1 long French baguette (soft)
1 block of firm tofu
1/2 cup AP flour
Ponzu seasoning or Braggs
1 small fresh daikon radish
2 large carrots
Rice wine vinegar
1/8 cup sugar
2 tablespoons Sriracha hot sauce
1/2 cup vegan mayo
1 English cucumber (sliced)
Cilantro
Scallions
Using a vegetable peeler, shave long ribbons from the daikon and carrot. Place into a container and add sugar and enough water and rice vinegar in equal parts to cover. Seal and place into the fridge until ready to use. Drain and dry tofu. Cut into eight equal slices. Dredge in flour and pan-fry it in a little olive oil or sesame oil. Once it is browned, add a few tablespoons of ponzu. Mix mayo and sriracha together and set aside.

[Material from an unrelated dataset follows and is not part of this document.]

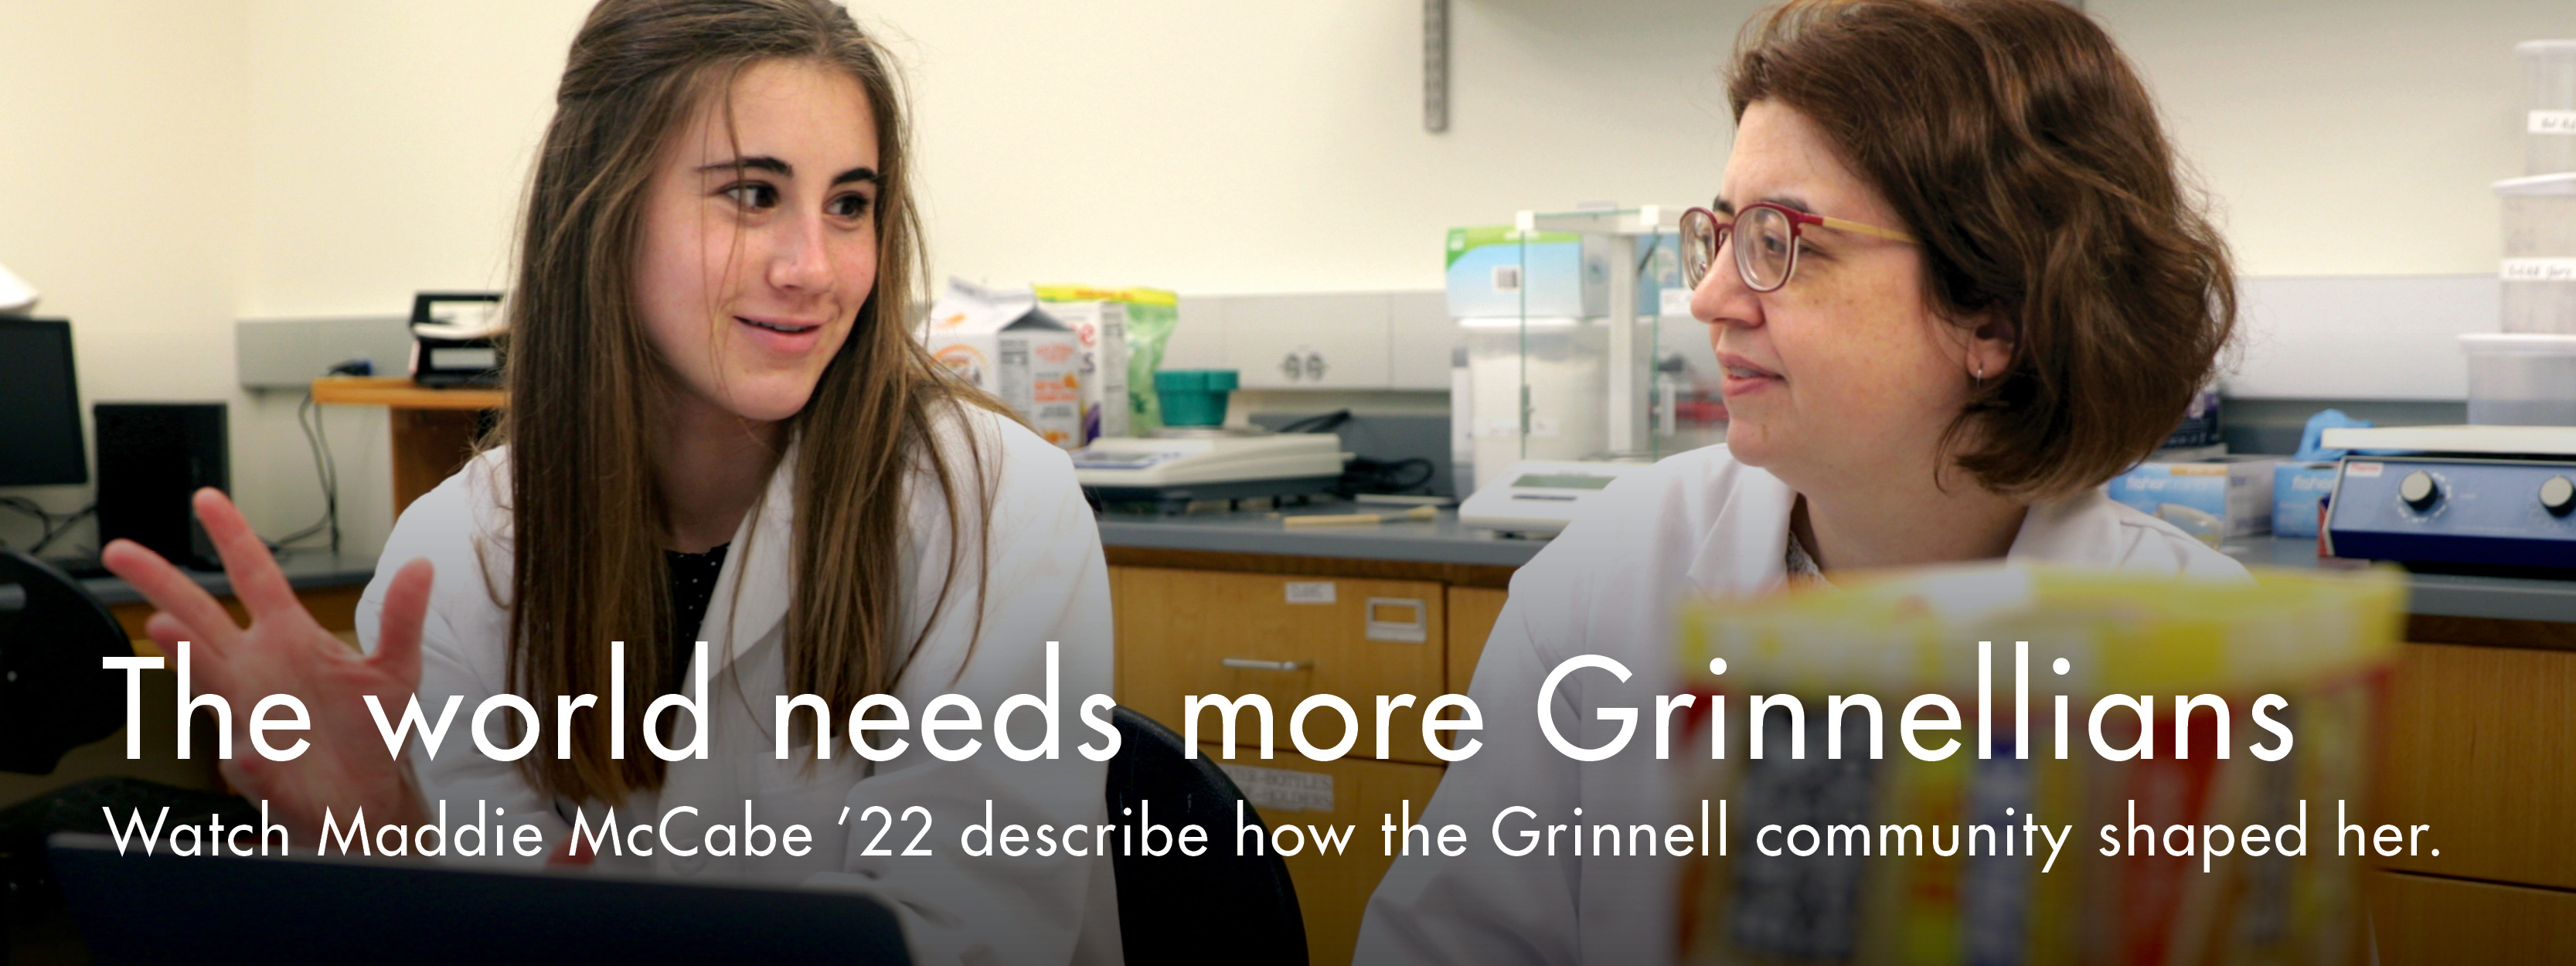 Maddie McCabe with her science professor. Text: The world needs more Grinnellians. Watch Maddie McCabe '22 describe how the Grinnell Community shaped her. 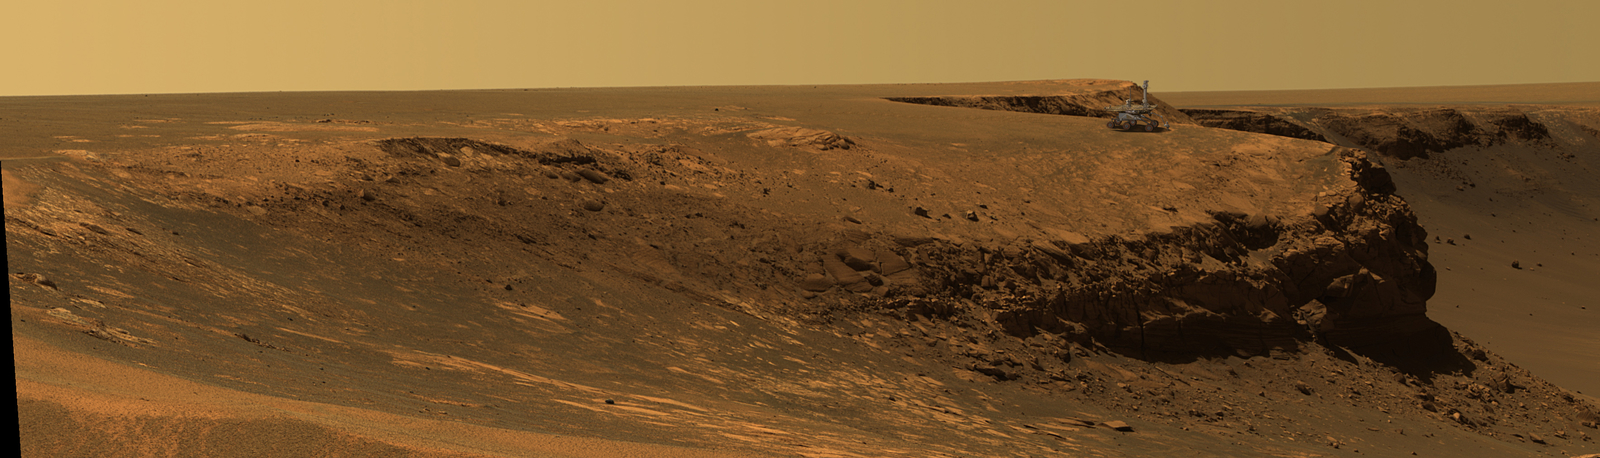 This image superimposes an artist's concept of the Mars Exploration Rover Opportunity on the rim of Victoria Crater. It is done to give a sense of scale.

Now to assemble the sandwich: split the baguette but don’t cut it all the way through; it should look like a taco. Spread the mayo mixture on the top of the bun. Layer the cucumbers and tofu onto the bread. Drain the radish and carrot mixture and layer those on as well. Top that with cilantro and chopped scallions. Close the sandwich and slice into portions.
2 comments:
Looks super easy yet way flavorful, just how I like most of my dishes. Now I know what to do with leftover daikon (they're so big I never use the whole thing in one day) other than binging on raw slices!
There's an awesome vegan bhan mi sammich in the Veganomicon. But yours sounds great too! I love daikon and still haven't tried ponzu sauce. But I gotta get some!